In this notation, your transformation reads $$Q=cq \qquad P=c^{-1}p$$ this is indeed a scale transformation and it preserves the canonical structure of Hamilton's equations$^1$. In other words, there exists a Hamiltonian in the new set of coordinates that satisfies Hamilton's equations. According to some authors this is the definition of canonical transformation.

Others, the book I quoted below for example, define as canonical a transformation whose jacobian matrix is symplectic.$^2$ You can verify that the jacobian matrix is

$$\begin{pmatrix} c^{-1} & 0 \\ 0 & c \end{pmatrix}$$ is symplectic i.e.

$$\begin{pmatrix} c^{-1} & 0 \\ 0 &c\end{pmatrix}^T\begin{pmatrix} 0 & -1 \\ 1 & 0 \end{pmatrix}\begin{pmatrix} c^{-1} & 0 \\ 0 & c \end{pmatrix}=\begin{pmatrix} 0 & -1\\ 1 & 0 \end{pmatrix} $$

This is not just luck.
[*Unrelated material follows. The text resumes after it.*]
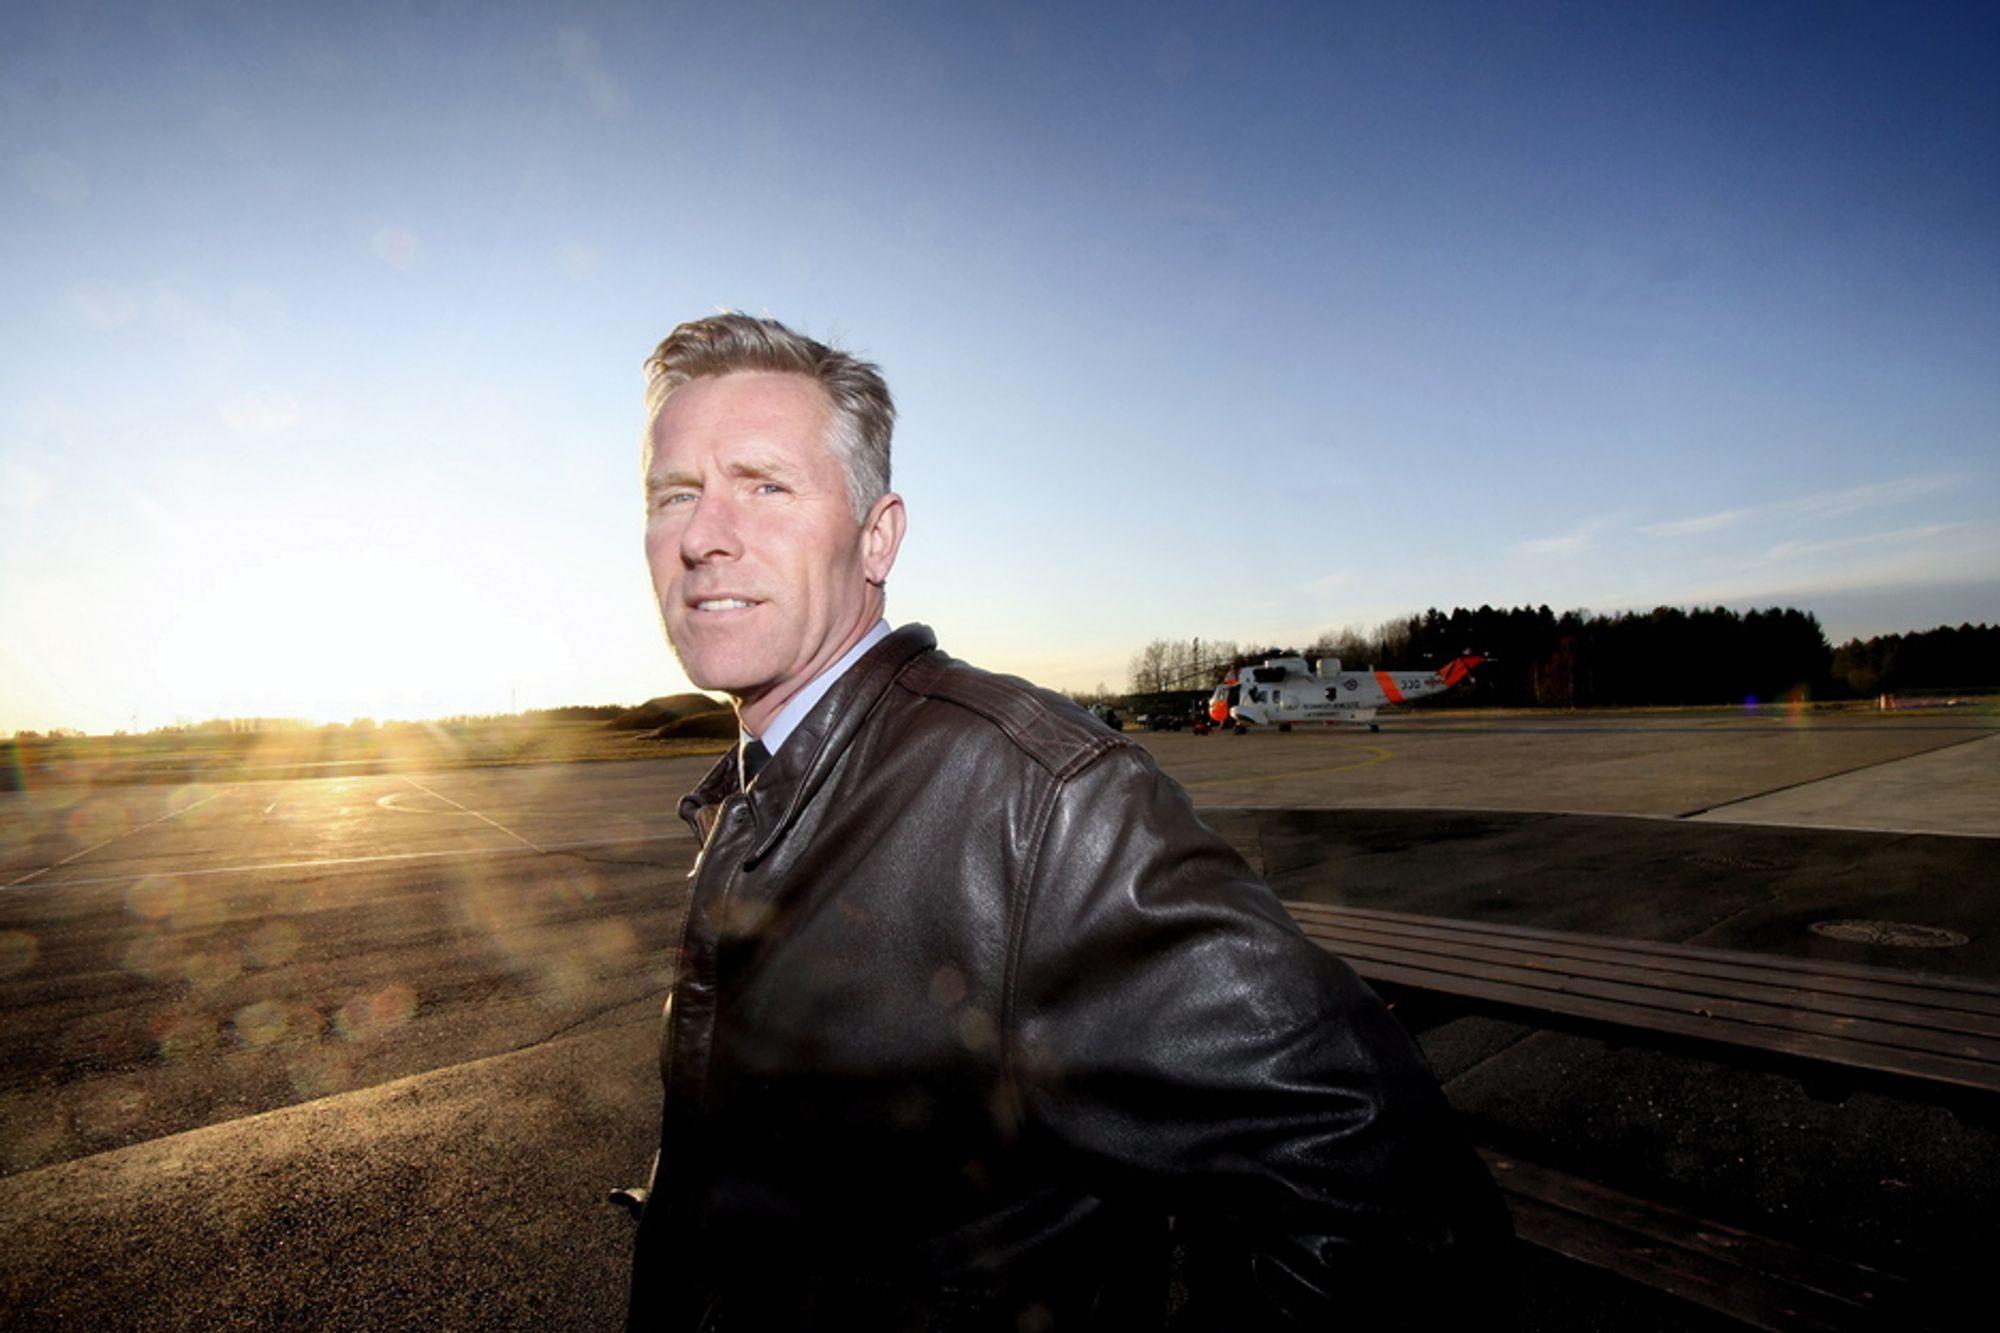 HOS NULLERN PÅ RYGGE: Oberst Stig Nilsson er Forsvarets prosjektleder i NAWSARH. Han er ingen helikoptermann, men har sin bakgrunn fra kampflyene F-5 og F-16.

More generally, a scale transformation is defined as follows$^3$ $$Q_i=c_i q \qquad P_i=d_i p_i \qquad\forall i$$ with $c_i,d_i\in\mathbb{R}$ such that $c_id_i=\lambda\in\mathbb{R}$.

If $\lambda=1$, it turns out it is canonical also in this sense$^4$ (symplectic jacobian matrix). Of course, in our case we have just one coordinate and $d=c^{-1}$, so our condition is satisfied.
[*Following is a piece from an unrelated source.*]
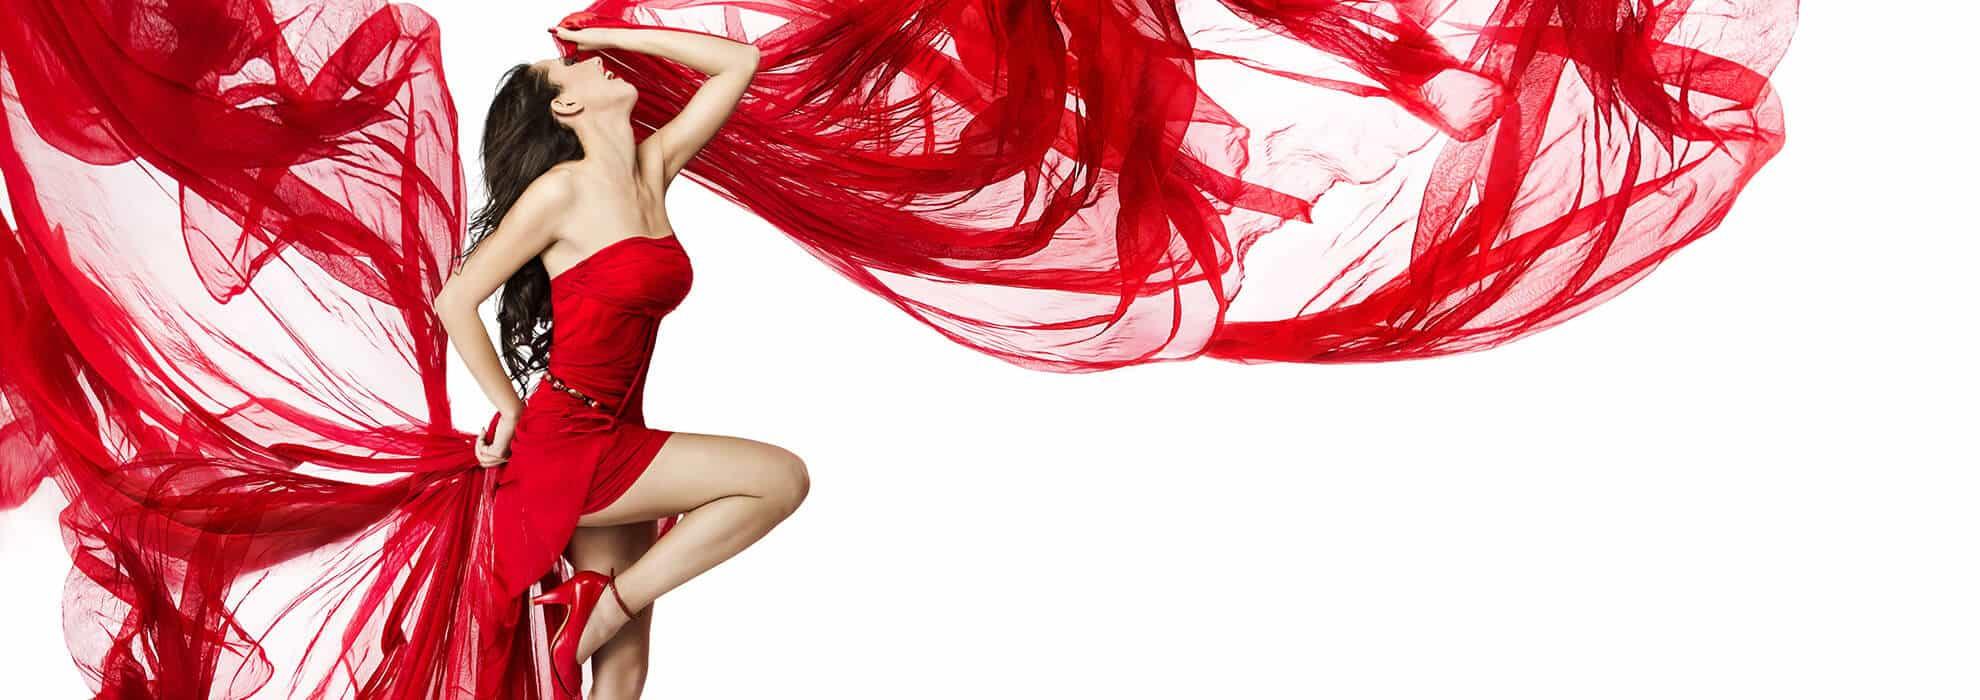 rotes festliches kleid

Finally, regarding the generating function, consider a generating function of the second type $F_2(q,P)=cqP$ that is the generating function of identical transformation multiplied by $c$. Using the definition of generating functions $$Q=\frac{\partial F_2}{\partial P}=cq \iff Q=cq\\ p=\frac{\partial F_2}{\partial q}=cP\iff P=c^{-1}q$$ that is your transformation.


$^1$ See Analytical Mechanics. Fasano&Marmi. Chapter 10, section 10.2. Example 2.3.

$^2$ See Analytical Mechanics. Fasano&Marmi. Chapter 10, Definitions 1.2 and 2.2.

$^3$ No summation on repeated indexes is understood.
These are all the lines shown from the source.